Mas ainda trazem algumas características únicas da banda: o ecletismo (a banda toca de tudo um pouco - do country ao brit-pop, de um hardcore/punk a um latino brega), o sarcasmo, o humor, as pequenas bizarrices sonoras, a diversão. Quando falo de humor aqui não me refiro a paródias ou algo feito pra rir. Eles não são comediantes. São excelentes músicos e compositores.
O que me fez escolher o disco “The Mollusk” pra ser comentado aqui é o fato dele ser um meio termo entre a fase “tosca” e a fase “pop” da banda. Existe um equilíbrio aqui. A produção é muito boa (não mais lo-fi como antes), eles tocam melhor e os temas são pop, mas com um plus a mais. :P
Claro que essas fases que eu cito acima não são absolutas. Não existiu, em determinado momento, uma ruptura. Foi uma evolução no som, constante, mas que, com um distanciamento, é possível identificar elementos diferentes entre essas “fases”.
Há quem diga que eles involuiram, que eles começaram a se levar mais a sério. Eu não acredito em nenhum das afirmações. Chamo isso de maturidade. Acho que o caminho que eles estavam seguindo antes do “Chocolate & Cheese”, de 1994, estava fadado a acabar porque não tinha muito mais como evoluir dentro daquelas bizarrices e não ficar repetitivo.
E, convenhamos, embora extremamente criativo e divertido, eles tinham uma postura mais adolescente que, uma hora ou outra, iria desaparecer. O Ween nunca teve um perfil Rolling Stones ou Ramones ou Kiss de fazer o mesmo som que faziam quando aprenderam a tocar seus instrumentos.
“Polka Dot Tail” é uma polka lenta de letra divertidíssima (“Did you have to dry your eye when you saw that puppy fly?”), “Mutilated Lips” tem um clima sombrio e angustiante, “The Blarney Stone” é um Tom Waits mais bêbado, “It’s Gonna Be (Alright)” lembra um Prince psicodélico, “The Golden Eel” e “Waving My Dick In The Wind” têm um clima dos discos anteriores.
Quase todos seus discos têm um tema instrumental estranho, “Pink Eye (On My Leg)” é o deste. Note o latido de cachorro feito por sintetizadores, enquanto uma linha meio theremin eletrônico se desenvolve. “Ocean Man” é um pop delicioso que virou, recentemente, trilha do Bob Esponja (!).

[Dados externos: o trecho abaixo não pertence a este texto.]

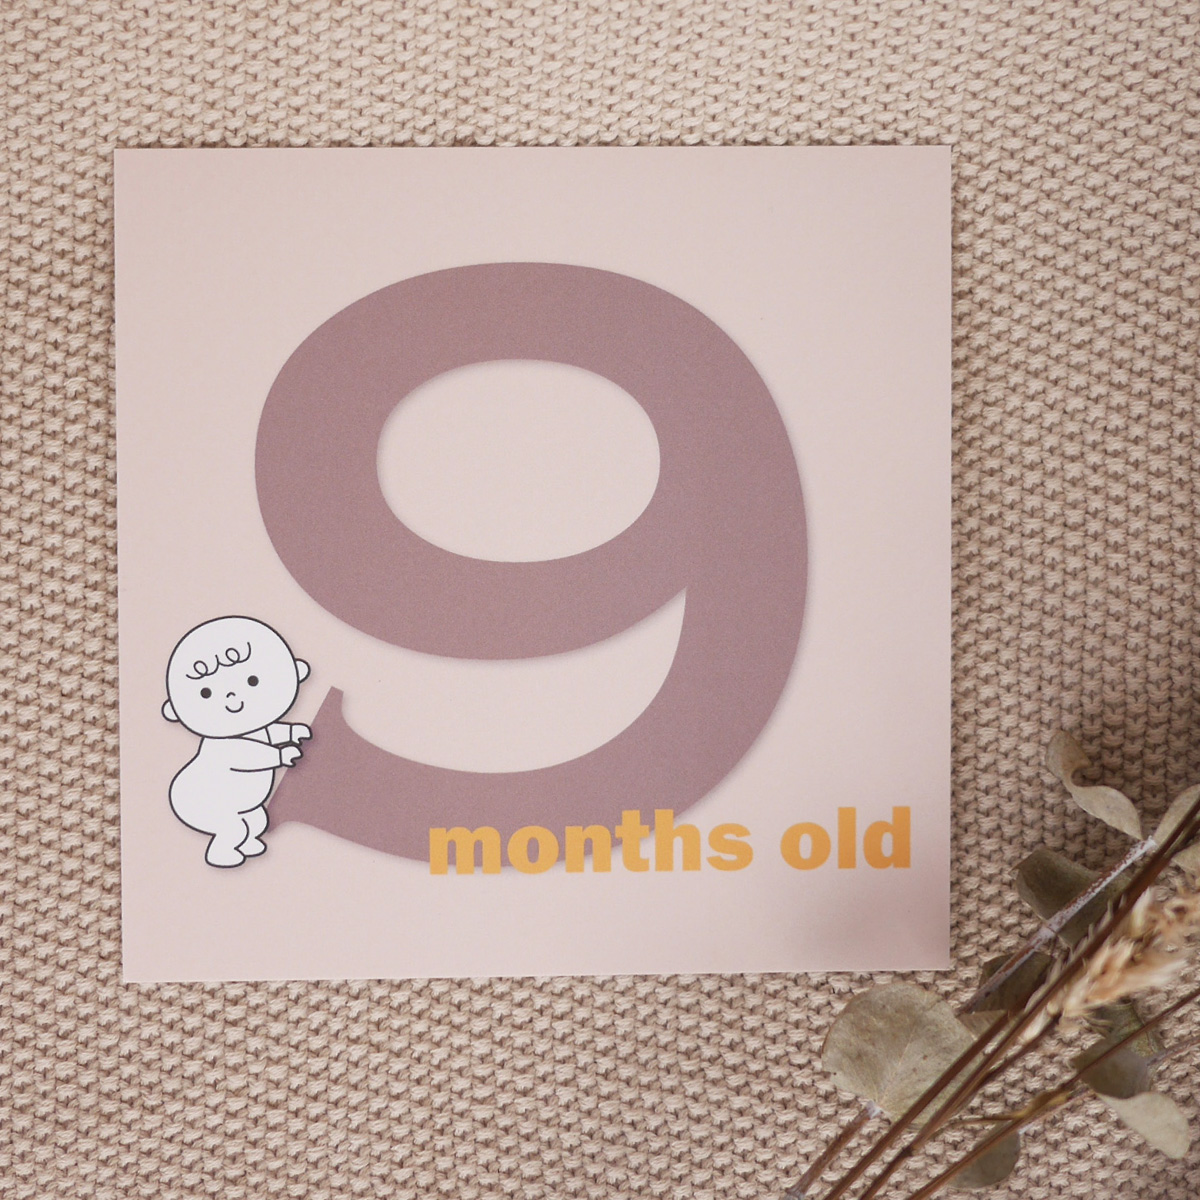 【 13枚セット 】バースデーカードセット 誕生から1歳まで 13枚セット 出産準備 出産祝い 誕生日 赤ちゃん お祝い メッセージカード 男の子 女の子 おしゃれ 0歳 1歳 0ヶ月 2ヶ月 3ヶ月 4ヶ月 5ヶ月 6ヶ月 7ヶ月 8ヶ月 9ヶ月 10ヶ月 11ヶ月 12ヶ月

É uma ótima representação do que o Ween pode ser. E, caso você não conheça, se gostar, possivelmente vai querer explorar melhor ambas as fases da banda.
Bem, acho que consegui ser mais imparcial e não dizer WEEN É DO CARALHO, ARRUMA TODOS OS DISCOS DELES IMEDIATAMENT… uhmm… ops… err… :P
música pra ouvir: Buckingham Green
comentários originais
Gilberto Jr 02/11/2006: Um crítico da Bravo! disse que o novo disco do Caetano, Cê, é totalmente inspirado no Ween. Eu não conhecia, fui conhecer, e é realmente, como disse um certo blogueiro, “DO CARALHO”.
Medina 03/11/200: Ween é foda de bom. ou melhor, FOI foda de bom. eu sou mais um que considera o Pure Guava e o Chocolate and Cheese o ápice da banda / duo. os últimos lançamentos da banda não tem me animado muito. alguns fãs mais xiitas do Ween jogam na minha cara algo do tipo “mas como que você não se empolga com eles hoje em dia??? é o amadurecimento da banda, etc, etc, etc.” podem ter amadurecido sim, mas acho que perderem muitas coisas que eu curtia na banda nesse processo de “amadurecimento”. Ween sempre vai morar no meu coração, mas graças ao passado “retumbante”. abração!
Mari 08/11/2006: Puxa, mto bacana!
Pablo 27/10/2007: Man, nem cheguei ao final do texto, mas resolvi comentar depois do “Aquilo já foi legal, acredita?”… Fantástica definição do atual lixo que é este canal, um “aquilo” e no máximo!